Eventually the doors opened (with difficulty, they kept jamming) and I went inside, checked out the merch I couldn't afford (well, I could have bought the handmade vegan soap but... you know.) and sat down gratefully in an actual soft chair bemoaning my idiocy in spending an hour cross-legged on concrete for want of anything better to do, ow. I passed the time eating an apple and checking out the scenery until the internets arrived in the form of Jenn ([ profile] astridthemighty) and her friend Mish, recognisable by their purple and pink hair respectively. Hairdye is a very handy landmark - there were a few other dye jobs in the place but none in that combination. They on the other hand recognised my by the hat/scarf combo. The internets thinks I was cosplaying as Ryan Ross but I actually just really like hats and scarves. and... drawing on my face in eyeliner. But honestly that's mostly because I kind of fail at applying it to my actual EYES.

We hung around sitting on uncomfortable (but at least carpeted) steps through the first opening act, Callorway. I saw them at the Oxford Art Factory opening for Something with Numbers (you know, that time I forgot to blog about... hey, maybe I still will now that it's midsession break!) and they're still pretty decent, but nobody was dancing. Also the vocals - somewhat incoherent. At least on this stage they actually had room to move. Next up was Mission in Motion, whom the internets assured me were douchebags, so we took a breather on the landing to gossip and play with Jenn's Batsignal flashlight-pen. I sat on a windowsill until a venue staff member told me to stop. Then I took advantage of the relatively open space to try and whack my back into some semblance of non-rebellion, but alas - not much help. It had been a while since the pretzels, so I went up to the bar to see if they had food. They had just run out of crappy pizzas, but the bartender directed me to a bizarre contraption that automatically dispensed hot fries. Which I ate. Because I was hungrier than they were freaky and unnatural.

The Matches finally came on at nine fortyfive (FOUR HOURS after I arrived *nuclear facepalm*) and I wormed my way into the moshpit. all I can say about this stage of the proceedings is that it was AWESOME. I took some mobile phone videos but I won't post them because they are crappy and pixelated, but rest assured that the band had energy up to HERE, and the music was amazing. There were a few songs where the vocals got drowned out by the drums a bit, but the audience made up for it by screaming the words back. I was in front of Jon, the lead guitarist - not right at the front but close enough to see him sweat, so the mosh was pretty tight. I've never been in a proper one before and I absolutely loved it. I only got my feet stepped on a little bit - I did get an elbow to the face but not very hard. At one point I ended up behind a tall dreadlocked guy which was annoying as the hair kept flicking at my face until I squirmed out of reach. It was a good crowd, despite a few chicks whose major contribution was yelling out "you're so sexy shawn" to the singer a lot. To be fair also at least one guy. To be even fairer it's not like they weren't right. At one point Shawn came over to our side and leaned into the crowd, which was pretty awesome, although I did get slightly crushed in the mass of people reaching up to him. He was we>aring a hilarious ruffled shirt and a vest (all the bands I love have bizarre fashion sense, lol) and Jon had on a ninja headband, presumably in protest of Talk Like A Pirate Day.
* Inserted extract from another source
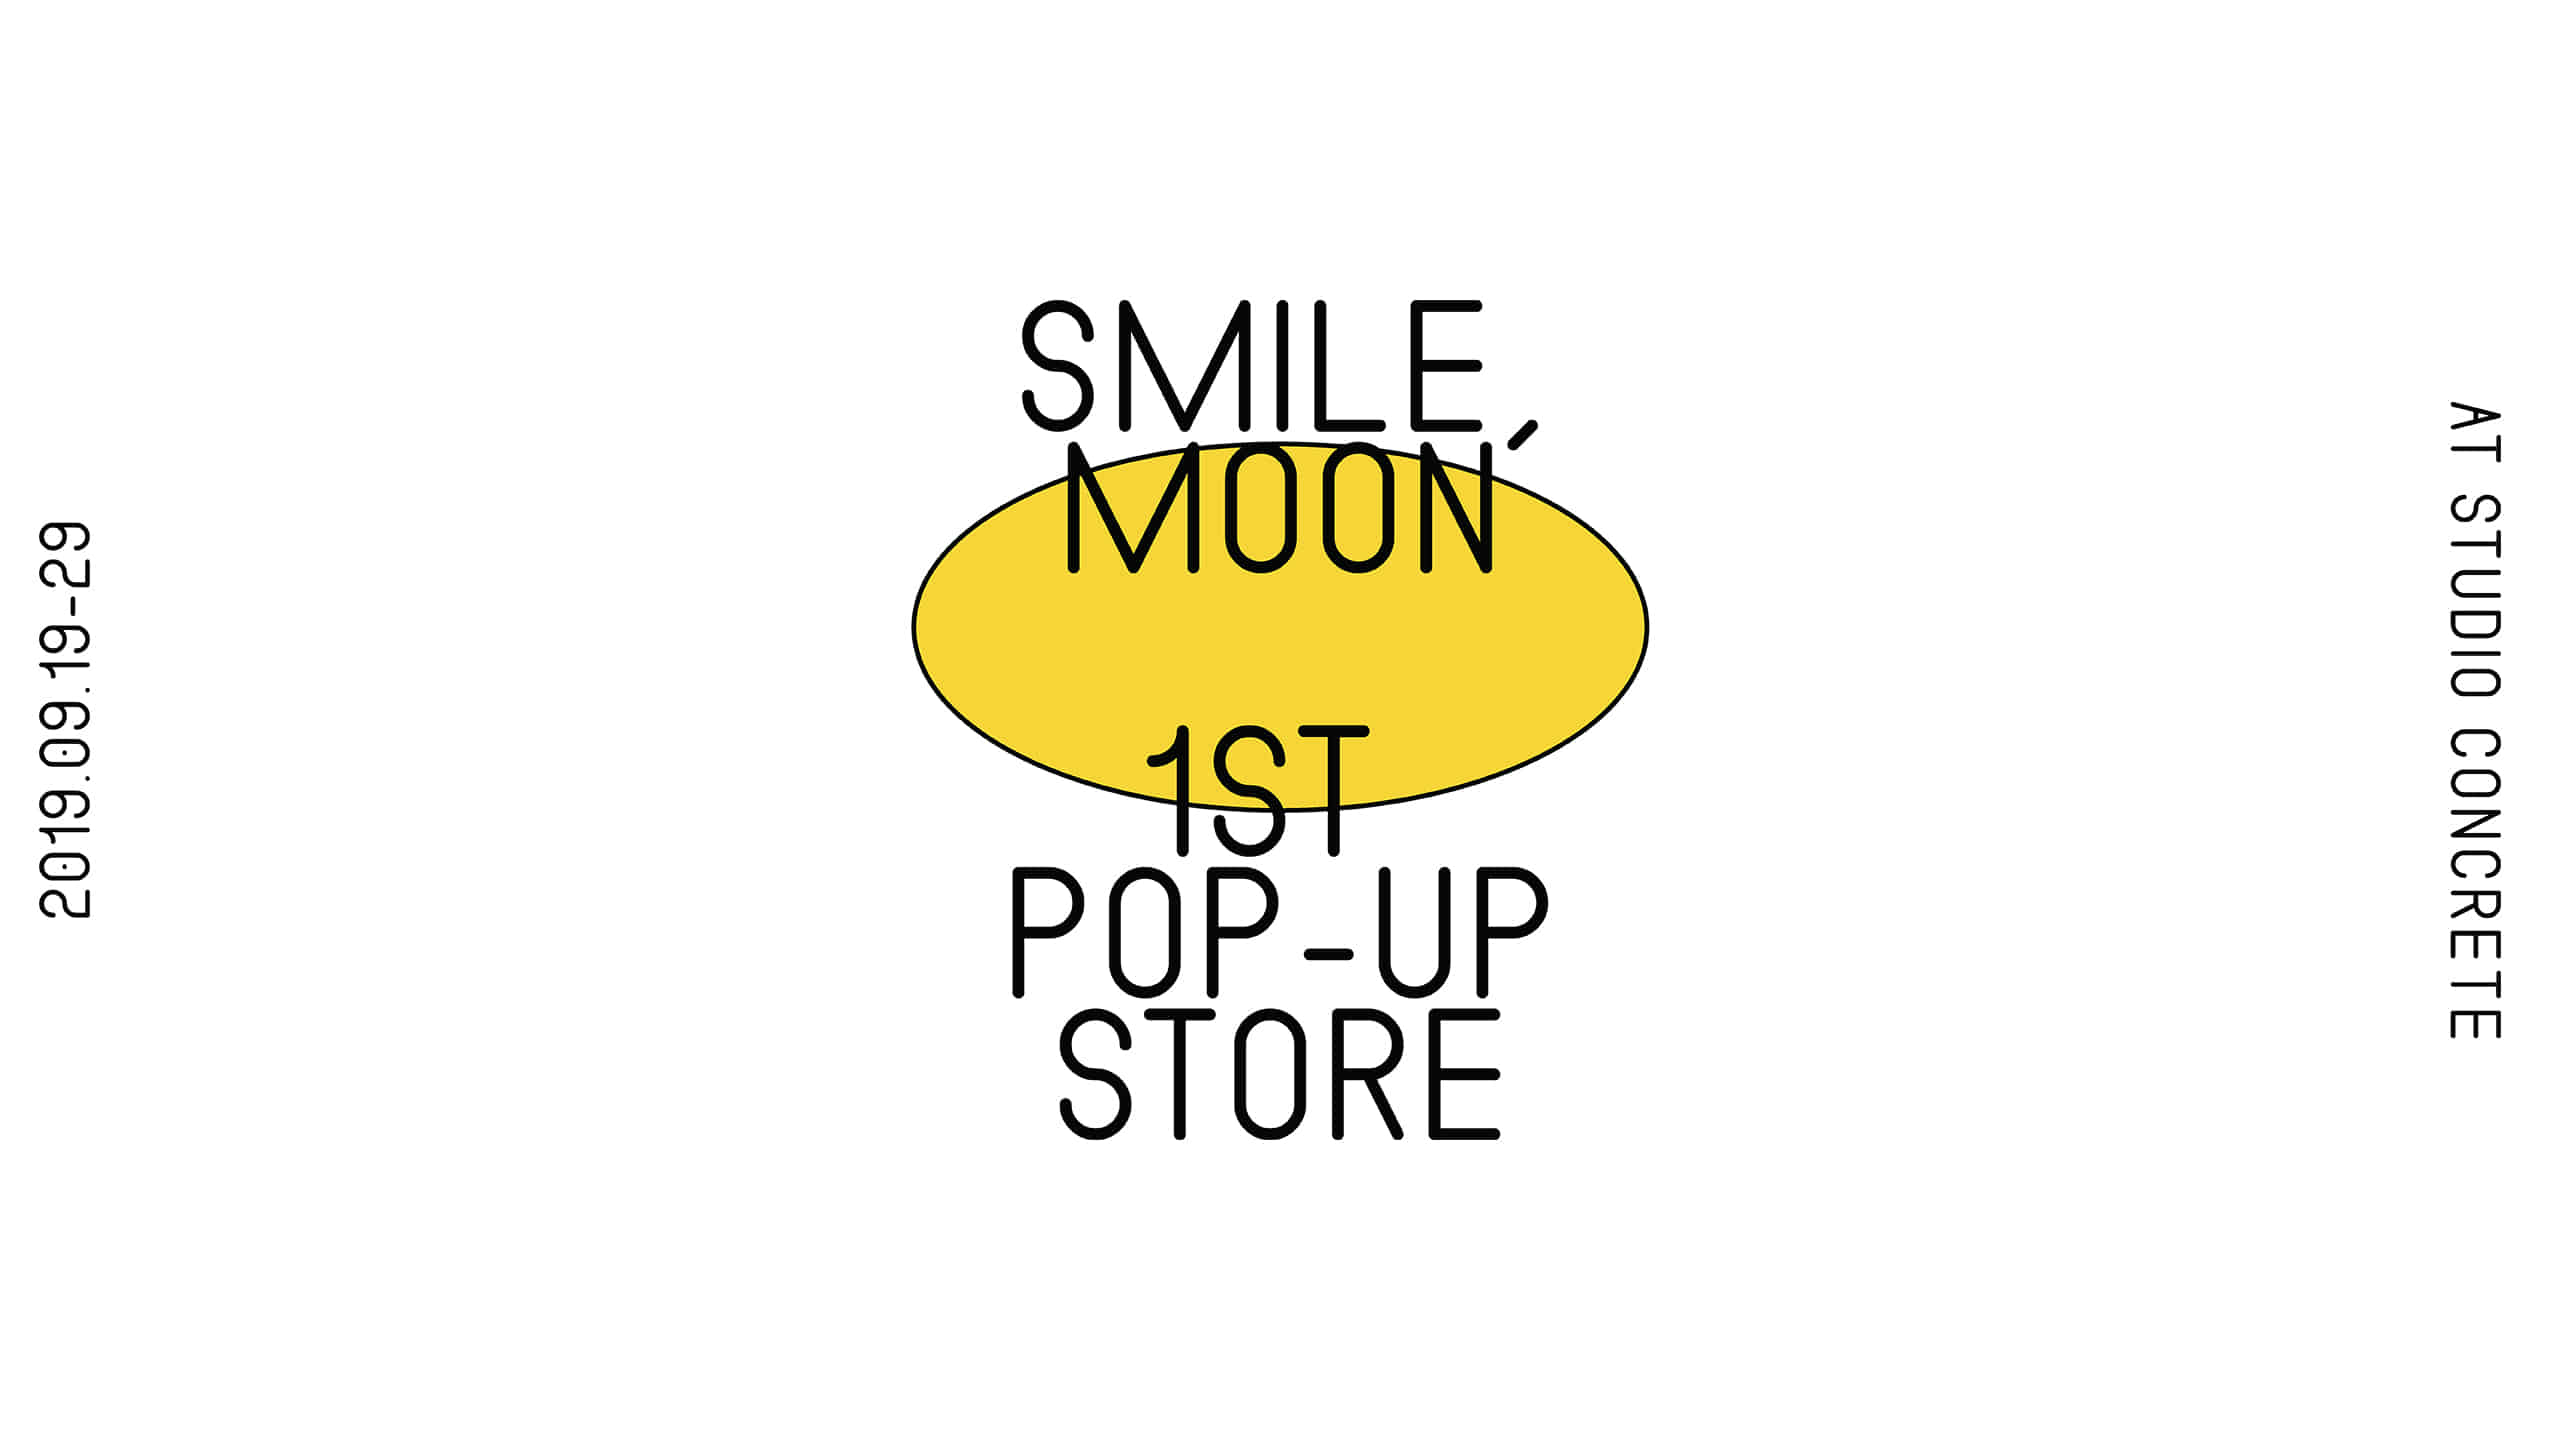 smile, moon 1st pop-up store sketch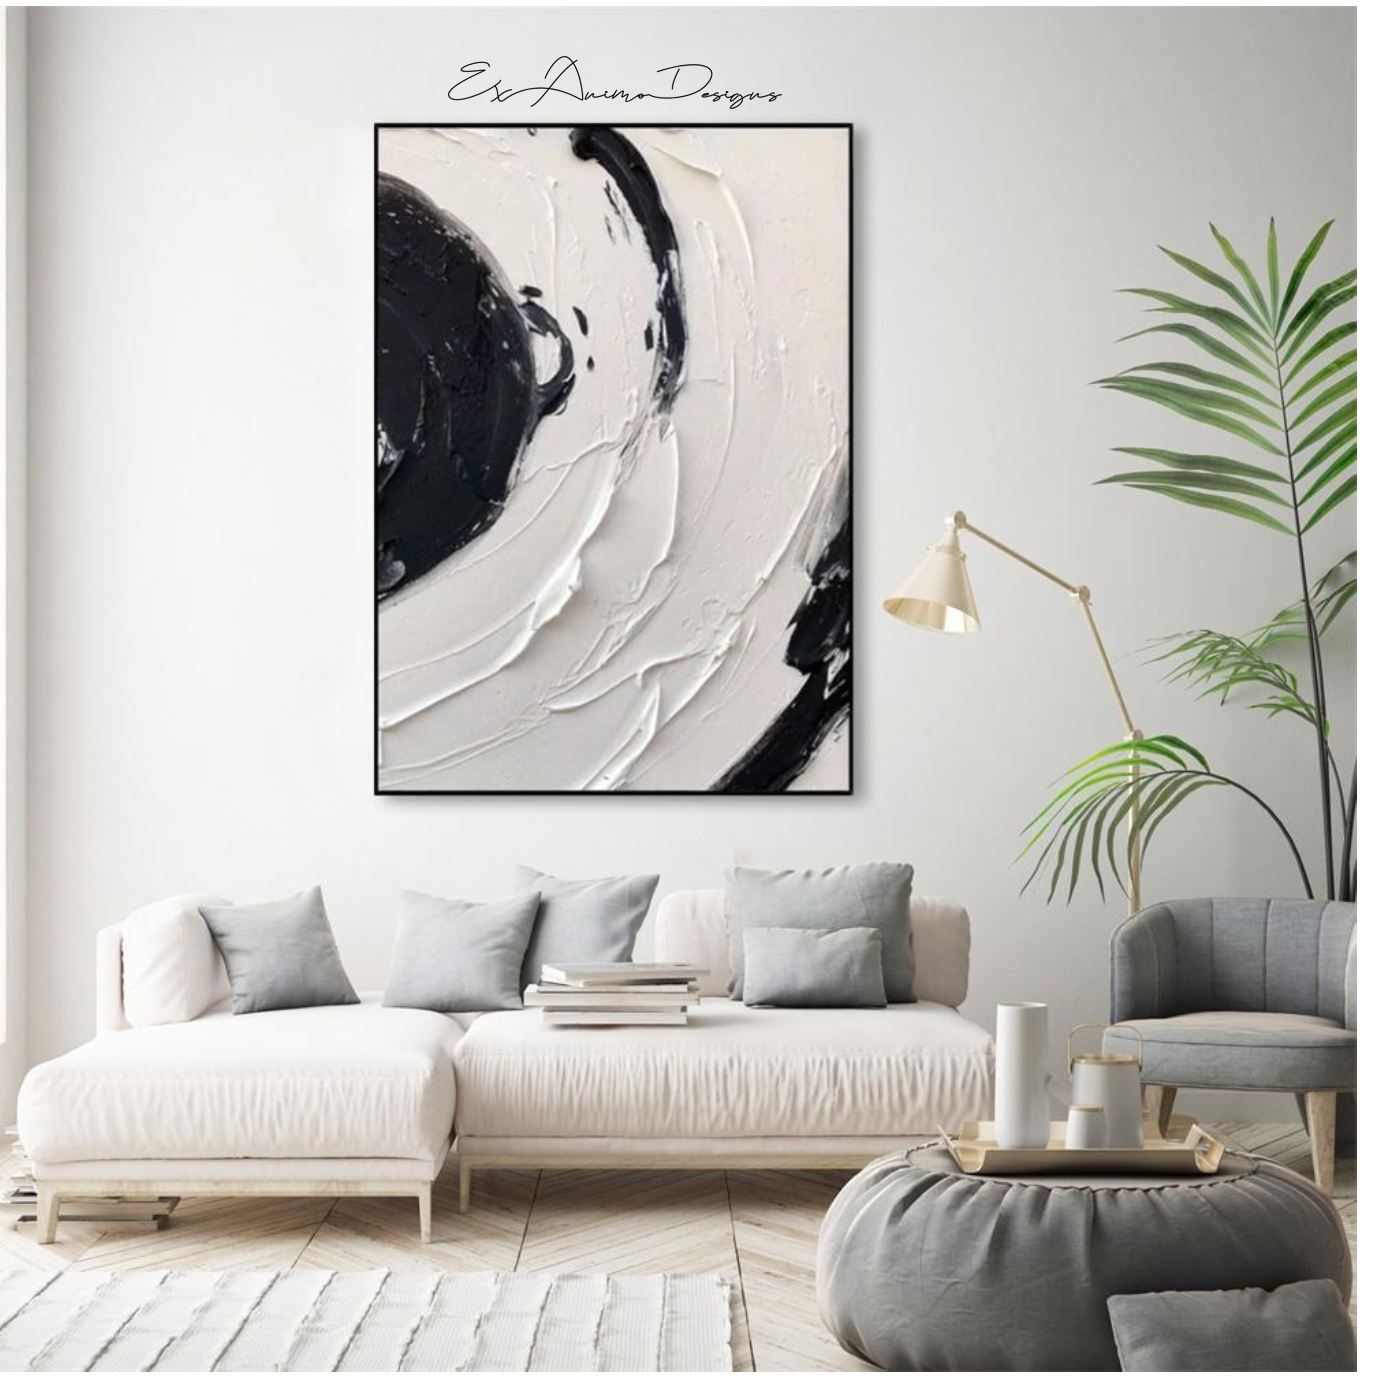 Ex Animo Designs - Black and White Color Wall Art

Can I just say that Jon played like a madman with THUMB AND INDEX FINGER because the rest of his hand was in a splint!? That is why I'm so disappointed at how crappy my cameraphone is, I wanted to post a video of one of his solos. PLAYING WITH BROKEN FINGERS. THAT IS DEDICATED. He also had some wiring problems, a tech had to run out and reconnect him a few times. The new bassist Dylan looked a bit nervous still but the other two were very supportive and kept going over to his side of the stage to give him little ~pep talks or something, idk, it was cute. The drummer, Matt, was either bored or just concentrating really really hard because he spent the whole gig going :| except when one of the other guys went up to him occasionally. Shawn made mention of the fries machine before playing "Yankee in a Chip Shop" - I hope somebody went and bought him a box after the show, he seemed fairly incredulous at the concept. He also brought out a massive black guitar at one point that he referred to as the "transformer" guitar... IDK. It did look a bit robotic. Maybe it doubles as their bodyguard. Oh, oh, some lolarious fail - Shawn tried a microphone trick involving wrapping the cord around his neck and then putting the mic back in the stand. I can see what he was going for but... he sort of forgot to put his guitar on first. he had to undo it again immediately. He looked appropriately sheepish.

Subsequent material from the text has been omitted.